New Report Looks at Best Influencer Marketing Strategies, and Platforms of Focus
With influencer marketing on the rise, and more brands looking to get involved, it’s important to understand not only how to technically run an influencer program, but also what consumers are looking for in the same.
And while getting a celebrity to tweet about your latest product will undoubtedly have an impact on brand awareness, that option is out of reach for the vast majority of brands. So what can you do? What are the best ways to utilize lower-level, less expensive influencer marketing options to maximize your messaging?
To get a better understanding of the key factors you need to take into account, CPC Strategy recently interviewed more than 1, 500 internet users to get their perspectives on what they value most in influencer marketing, and what they’re most likely to respond to in influencer posts.
Here’s what they found.
The first thing to note is that trust is key. CPC’s researchers found that, of the respondents who do engage with influencer campaigns, the influencer’s knowledge of the product and niche, and the perception that they would personally use the product, are the key factors which are likely to drive response.

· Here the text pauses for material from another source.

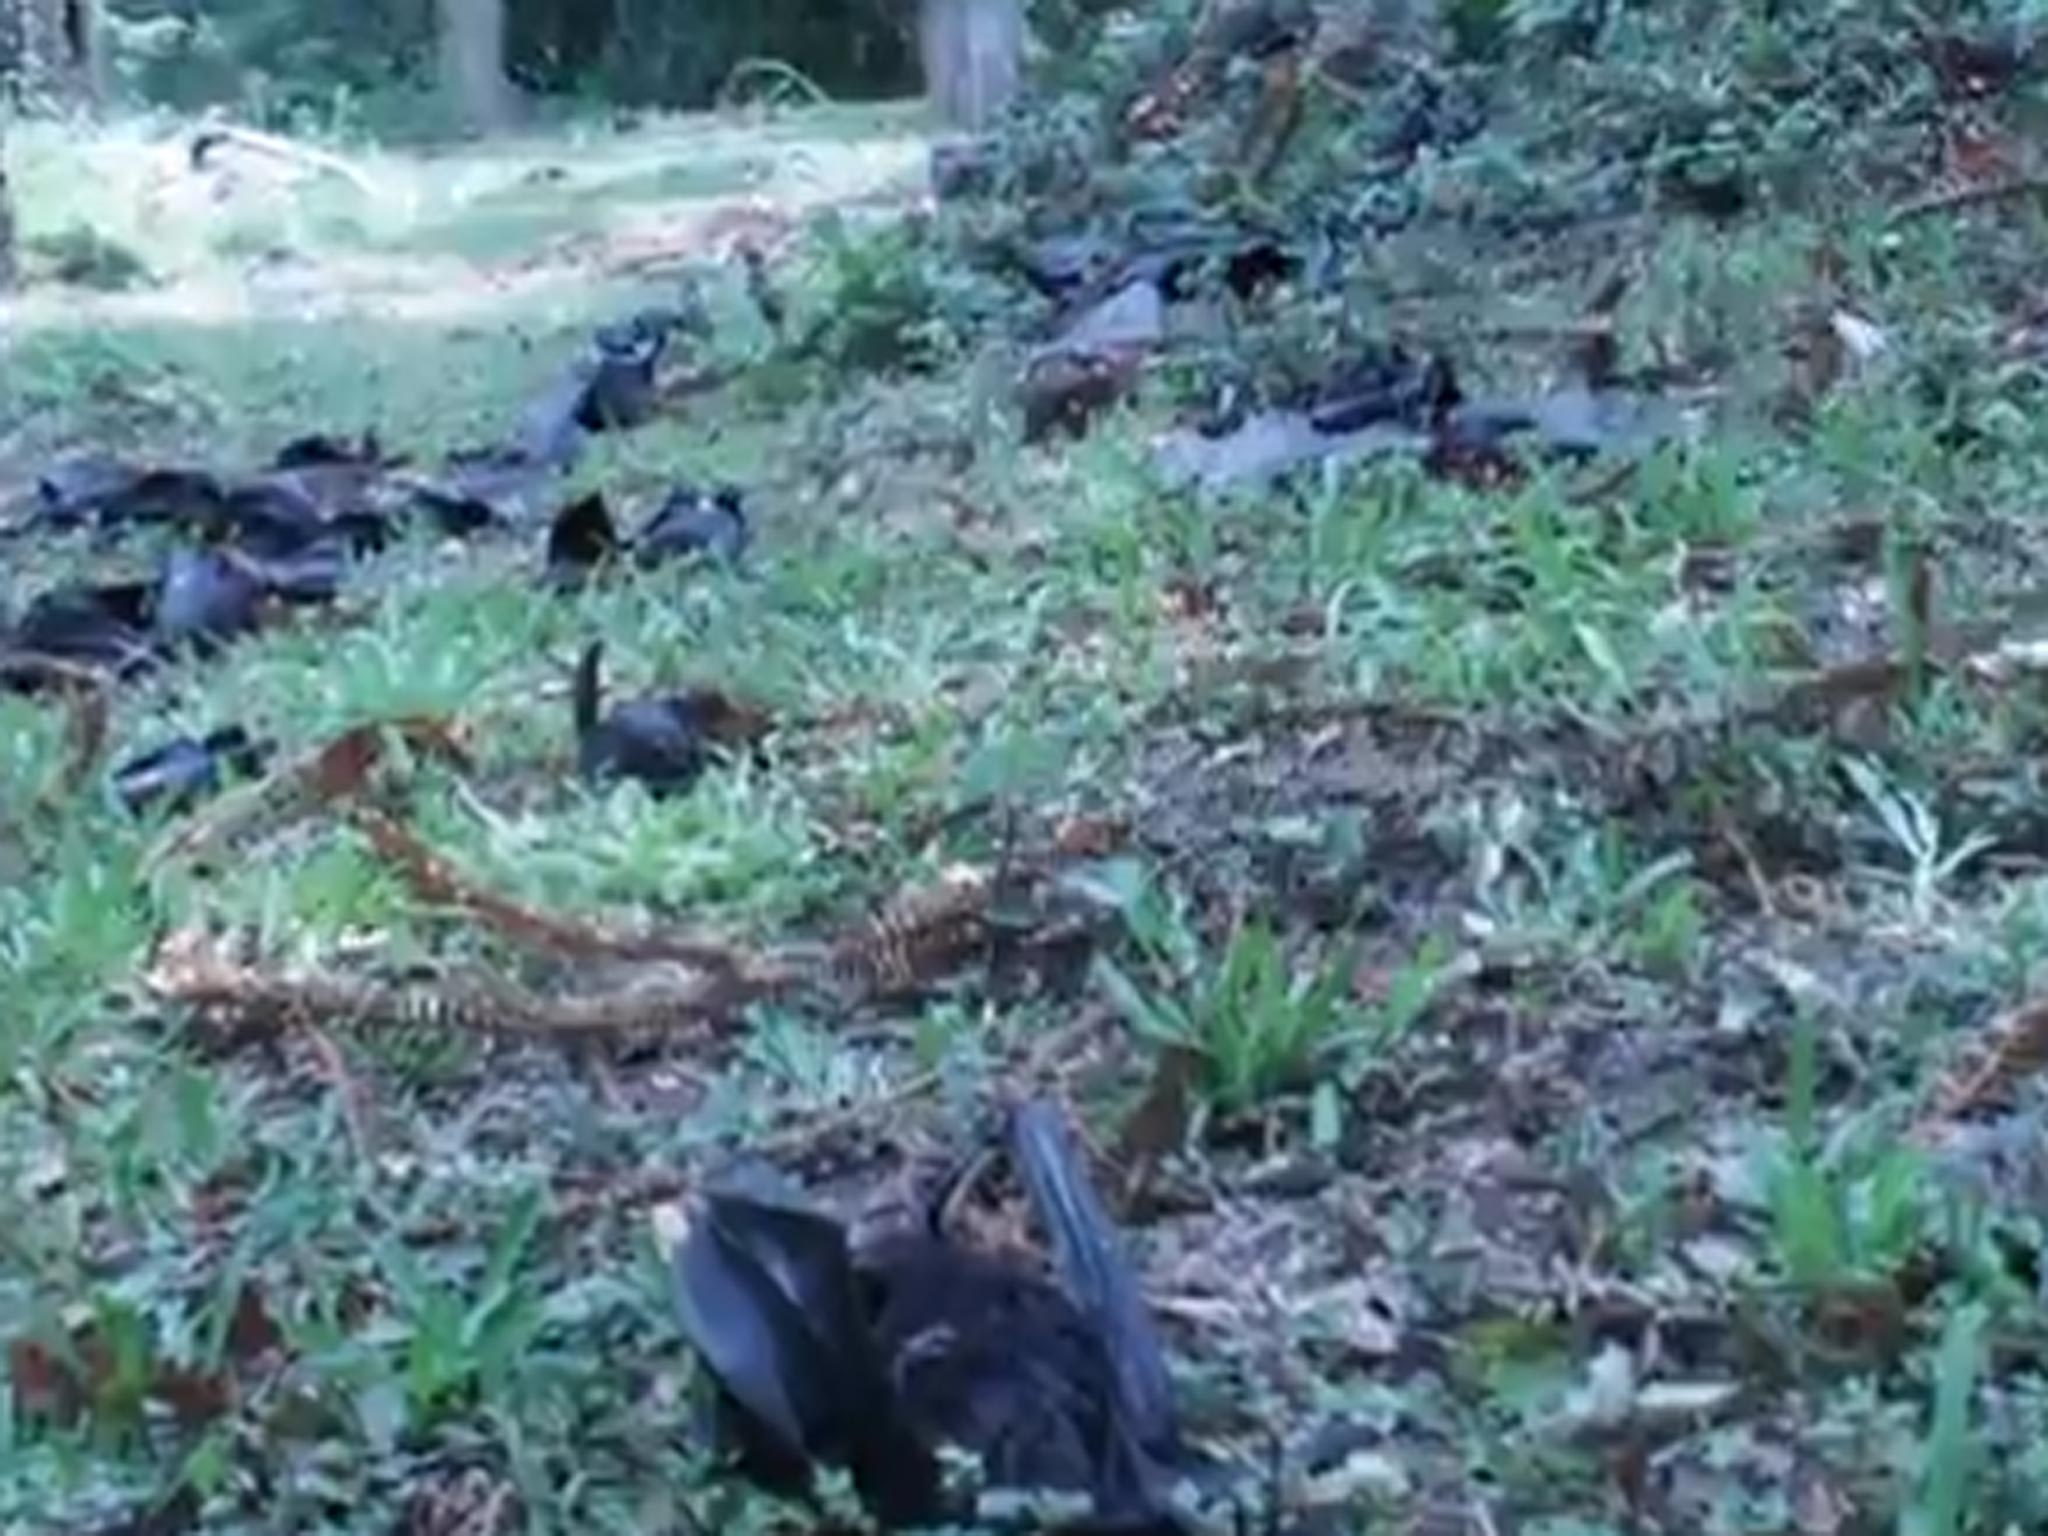 Dead bats fall from the trees in Dayboro, Australia following a heatwave

CPC also found that an established level of recognition and trust within the related industry is important – the majority of respondents indicated that they would be more likely to trust an influencer’s recommendation if they already trusted the influencer involved.

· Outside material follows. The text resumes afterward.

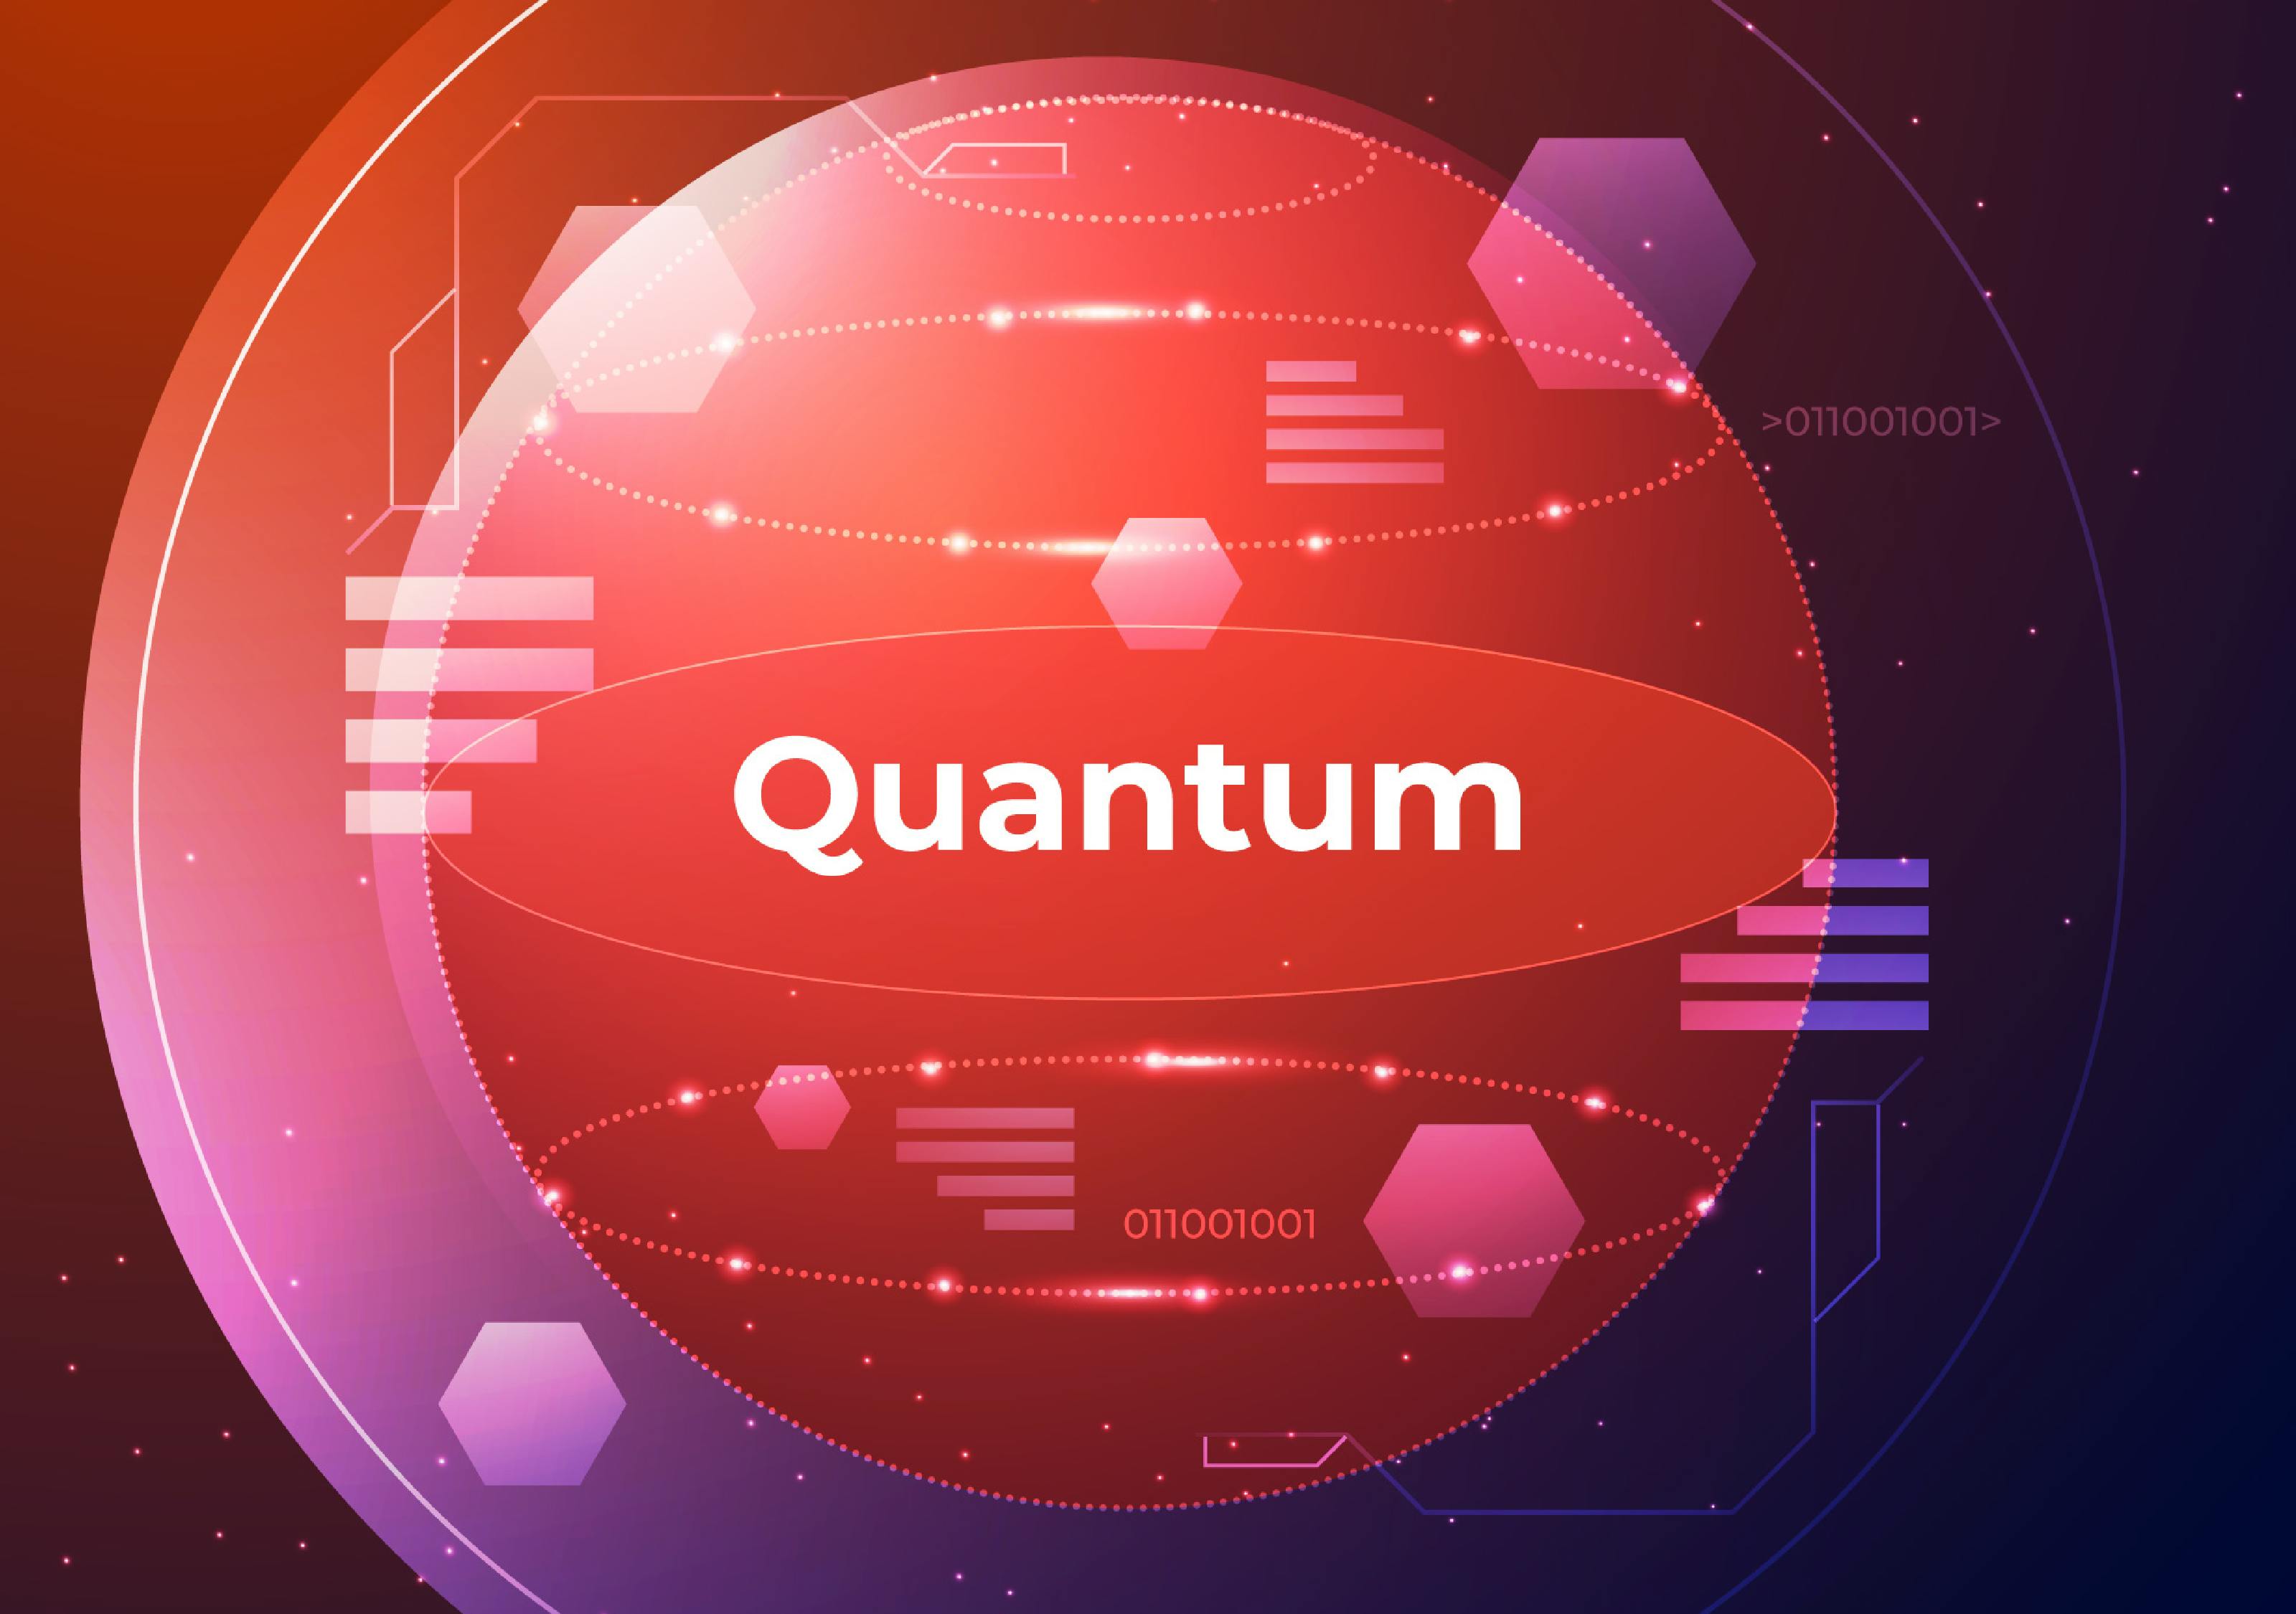 quantum computing image

These findings may seem somewhat obvious, but they highlight the importance of selecting the right influencer, which won’t necessarily be the most popular voice. You might be better off selecting a highly respected representative in your niche, as opposed to a big name star who's not connected to that industry. The relevance of influencers has long been a key note, but these stats further highlight the importance of this element.
CPC also found that the transparency of influencer marketing remains problematic, with up to 40% of respondents indicating that they can’t tell when a post is sponsored by a brand.
As you can see here, post tags are the most effective way to provide that transparency, which is why Facebook, in particular, is putting more emphasis on this element through its Branded Content Tags, which are available on both Facebook and Instagram.
You can expect such notifiers to become more prevalent, and for the platforms to implement new penalties for those who fail to use the right tags on their posts.
Also, another interesting note – CPC’s researchers found that Facebook is the best place to reach consumers over the age of 25, while Instagram is the best place to reach Gen Z.
“Nearly 70% of consumers are most likely to hear about new products, services, or events from people they follow on Facebook”
For younger generations that shifts – you can see the growth of Instagram’s influence among younger users in the charts below, with YouTube also a worthy consideration.
That last chart on the far left is particularly important – Facebook, while it performs well in overall terms, is believed to be losing its hold on younger audiences, which, theoretically, could eventually see it superseded. Though that will take some time, and Facebook, of course, owns Instagram too. Still, it’s an important note for those looking to reach specific audiences and demographics.
There’s a heap more data and insights in the full CPC report, and its’ worth a look for anyone considering getting into influencer marketing, or whose looking to improve their influencer performance.